As cidades passam, portanto, por uma imensa transformação. São implementados projetos de escala urbana que vão desde a provisão de infraestruturas para a circulação de bens e mercadorias (como as linhas férreas) até projetos de limpeza urbana (como áreas nas quais ocorre a demolição de moradias insalubres do proletariado) e de construção de habitações para a burguesia. Importante destacar que tanto os projetos de infraestrutura, quanto os projetos de transformação de áreas habitacionais e de embelezamento urbano, são organizados por empresários e industrialistas, com ligações entre eles e com o Estado. Em termos lefebvrianos, o espaço é tomado, pelas classes dominantes, como um instrumento para realizar ações que, sob o pretexto de representar os interesses de todos e higienizar áreas da cidade, de fato, expressam práticas de higienização social, precursores do que Smith (2006 ) viria a definir como gentrificação com a destruição de áreas inteiras de moradias proletárias para realizar obras de infraestrutura, incorporá-las ao mercado imobiliário ou criar áreas de lazer para a burguesia. Portanto, no regime de acumulação a distribuição se dá de maneira desigual. Na definição de Smith (2006 ), os processos de gentrificação não envolvem apenas mudança social, mas uma mudança física que combina a higienização social com a reabilitação das áreas para que utilização por estratos sociais com maior poder de compra que os moradores originários.
Assim, com a consolidação do capitalismo, a terra urbana passa a ser instrumento para o exercício do poder das classes dominantes sob a égide da acumulação e com a marca da higienização social. Harvey (2012) reconhece o papel da urbanização na história de acumulação do capital, mencionando especificamente o uso do capital excedente para construir as cidades, ao constatar que a crise do capital que se expressou na dos anos 1930, foi resolvida, nos Estados Unidos, em meados dos anos 1940, pelo incremento de projetos de suburbanização.
Lefebvre (1972/2008b) ao tratar da produção do espaço urbano (composta pela tríade do vivido-concebido-percebido) identifica o espaço não apenas como o meio para a produção capitalista, ou seja, a cidade enquanto valor-de-uso, como ambiente construído para a moradia dos trabalhadores e construção das fábricas e infraestruturas que viabilizam a produção de manufatureira; mas como a própria mercadoria na qual o espaço urbano detém também um valor-de-troca, assim como tem o trigo. No entanto, o espaço para Lefebvre, não é nem meio, nem fim, ainda que seja um instrumento político intencionalmente manipulado por um indivíduo ou um coletivo que detém poder sobre ele, e que o transforma conforme seus objetivos.

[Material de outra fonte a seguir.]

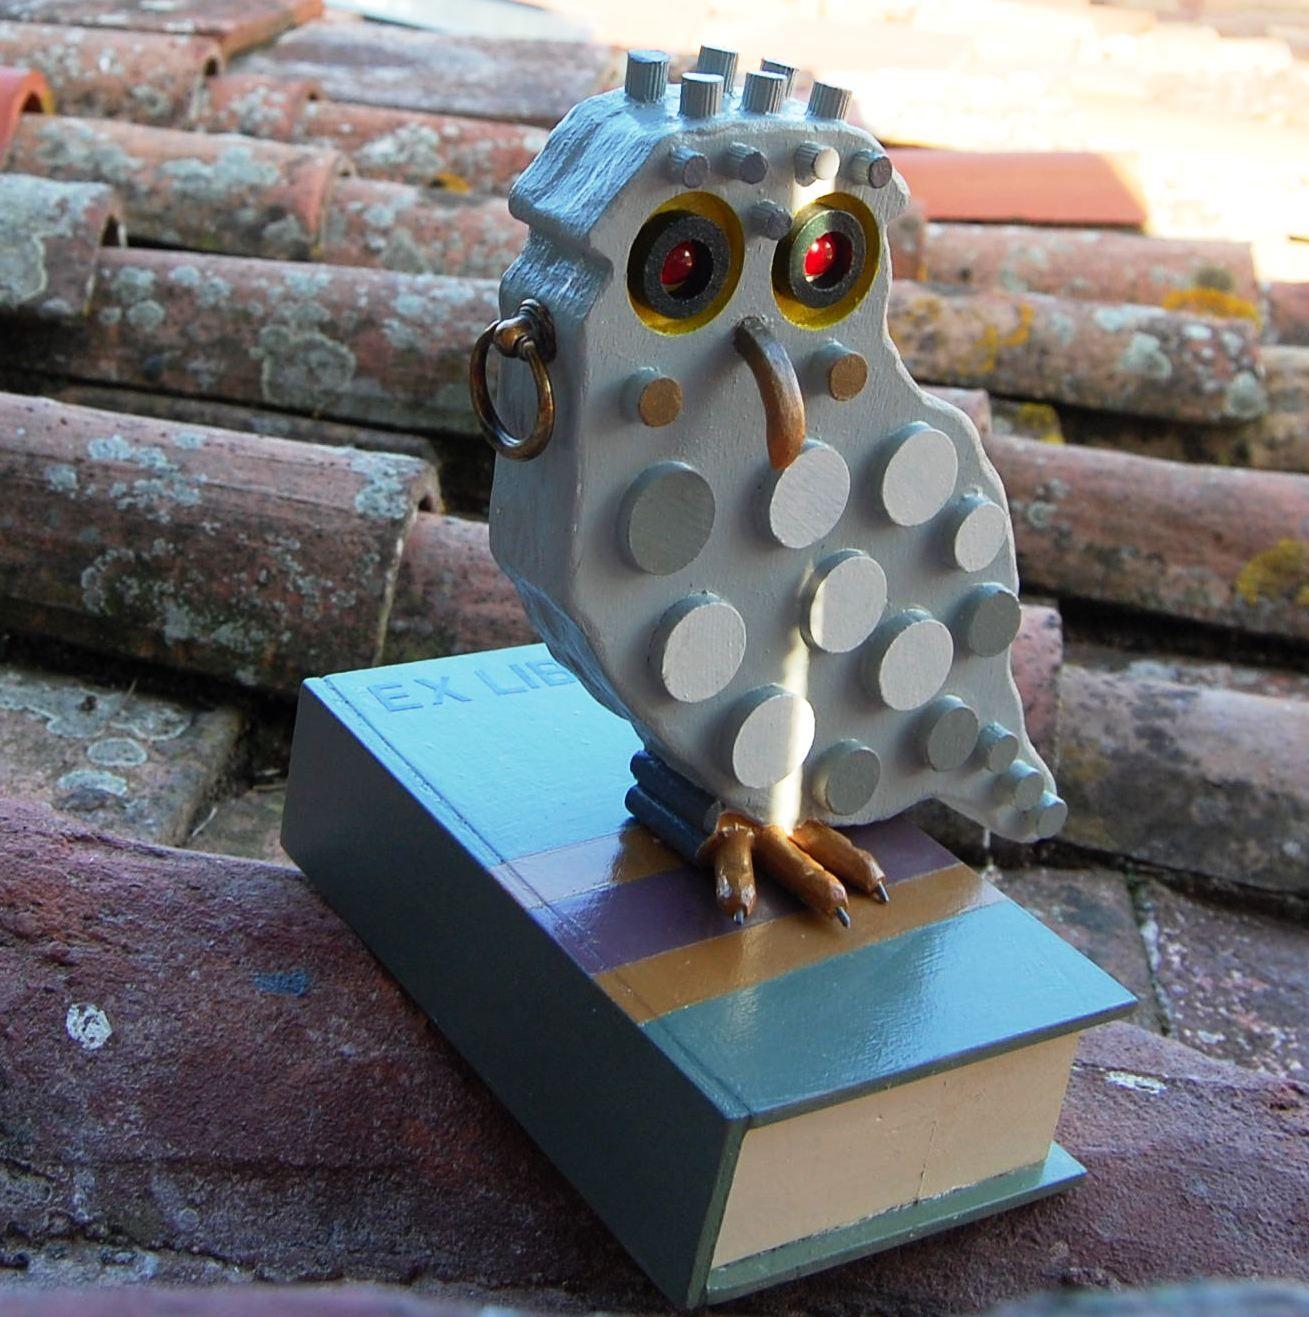 2015- Ex libris (civetta) legno dipinto e materiali vari, cm 27x20x22

Para Lefebvre “as cidades seriam tão somente unidades de consumo correlatas às grandes unidades de produção” (1972/2008b, p. 46). A essa formulação se incorpora a teoria da alienação: o espaço instrumental se torna abstrato a partir de uma falsa representação de vocação estratégica, passando a ser “um lugar fora do tempo, da vida e da práxis”. O espaço assume a forma de mercadoria, em que, “no limite [,] não há mais exatamente ideologia, mas somente a falsa consciência, com os discursos que ela engendra”. Assim, aqui se retoma a noção de espaço absoluto – o espaço como mediação, o espaço instrumental, ou, em outros termos, expressão prático operacional de uma ideologia.
Entretanto, o autor alerta que essa hipótese servia ao capitalismo concorrencial do século XIX, cujo enfoque recaia na reprodução dos meios de produção. Ao se renovar, o capitalismo incorporou a “reprodução das relações de produção” que se efetuam através da cotidianidade e dos momentos de lazer e cultura. Essa noção é complementar à última hipótese apresentada, mas leva a outra, mais complexa: “o espaço estaria essencialmente ligado à reprodução das relações (sociais) de produção” Lefebvre (1972/2008b, p. 48).

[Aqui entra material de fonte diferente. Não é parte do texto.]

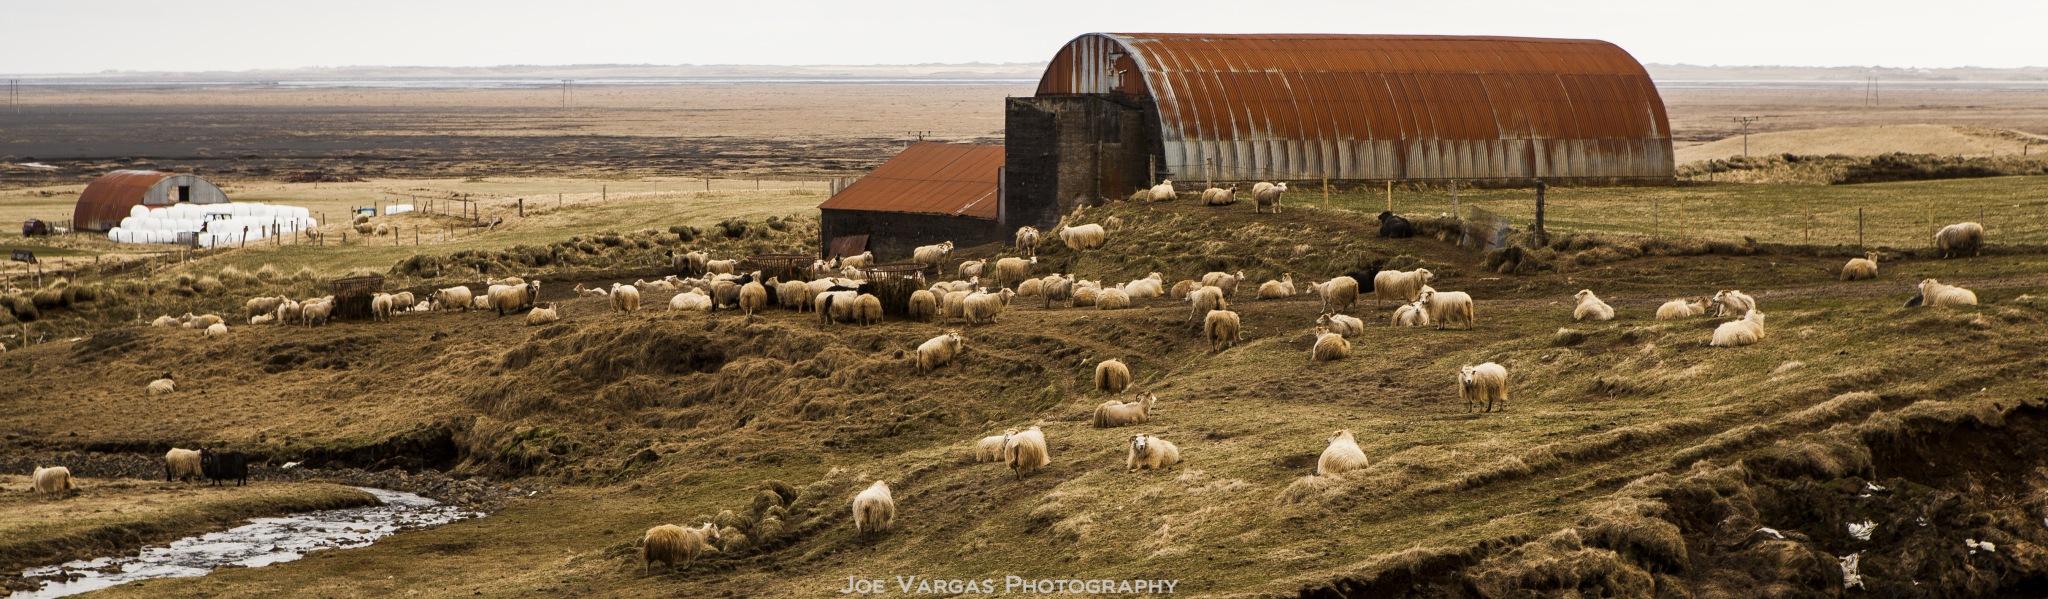 Iceland_2016-04-24-238L

Retoma-se, nesse ponto, a já citada noção de Harvey (2011) sobre a sedução pelo embelezamento e os símbolos de distinção social. Espaços homogêneos, com uma estética específica, criados em recortes em partes fragmentadas no tecido urbano, tornam-se centros ou subcentros de consumo, polos de atração de uma determinada classe social, causando estranheza e constrangimento aos demais e interferindo diretamente no poder do espaço, assim como na dinâmica da estrutura urbana. Segundo Lefebvre (2008a), tais centros de consumo dirigido e organizado – os lugares de lazer, de festa e tempo livre – mostram-se aparentemente dissociados da produção, embora estejam ligados ao trabalho produtivo na sociedade burocrática do consumo organizado.

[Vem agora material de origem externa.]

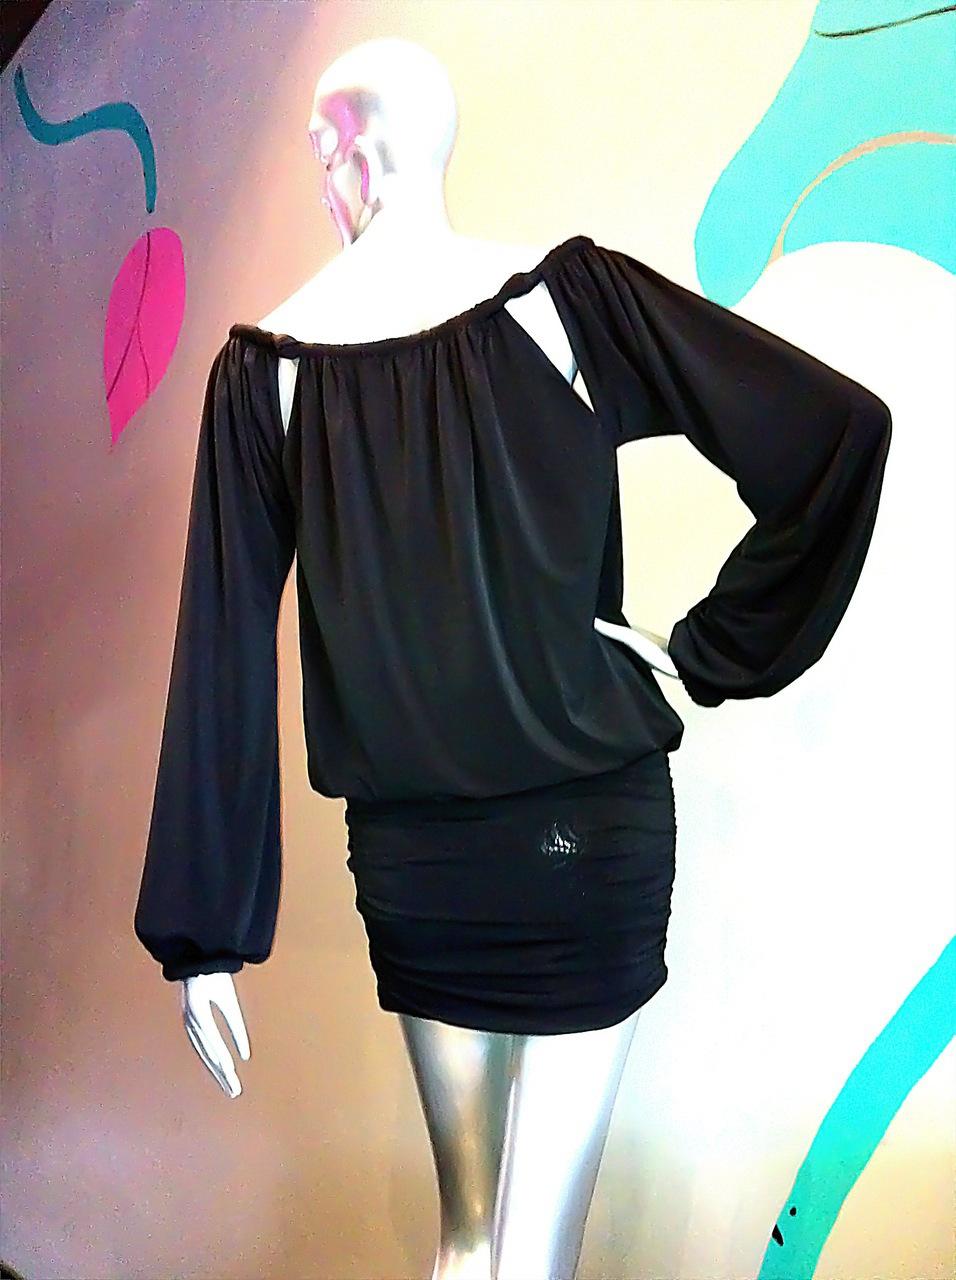 drapping_dress__92703.1392863574.1280.1280.JPG

Harvey (2006) define, também, as práticas de empreendedorismo urbano que ganham um papel central na produção das cidades a partir dos anos 1980. O governo empreendedor, denominado por Osborne & Gaebler (1993), o marketing urbano, por Kotler, Haider e Rein (1994), e a cidade como máquina de crescimento, por Logan e Molotch (1993), são abordagens centrais para a sua formulação. Segundo Harvey (1989/2006), o empreendedorismo urbano tem como um de seus elementos básicos as parcerias público-privadas (PPPs) 1 , nas quais o governo local se alia a empresas privadas com a finalidade de angariar investimentos para a construção de projetos, ou mesmo, a manutenção de estruturas e espaços. Além disso, Harvey (1989/2006, p. 171) afirma que a PPP é empreendedora e especulativa, ou seja, “sujeita a todos os obstáculos e riscos associados ao desenvolvimento especulativo, ao contrário do desenvolvimento racionalmente planejado e coordenado”. No entanto, é usual que os riscos incorram apenas para o setor público e os lucros para o privado. Harvey (1989/2006) afirma, ainda, que o empreendedorismo enfoca muito mais na economia política do lugar do que no território, referindo-se a que a construção de um lugar pode gerar impactos além de seu território específico e mudar a imagem da cidade mundialmente.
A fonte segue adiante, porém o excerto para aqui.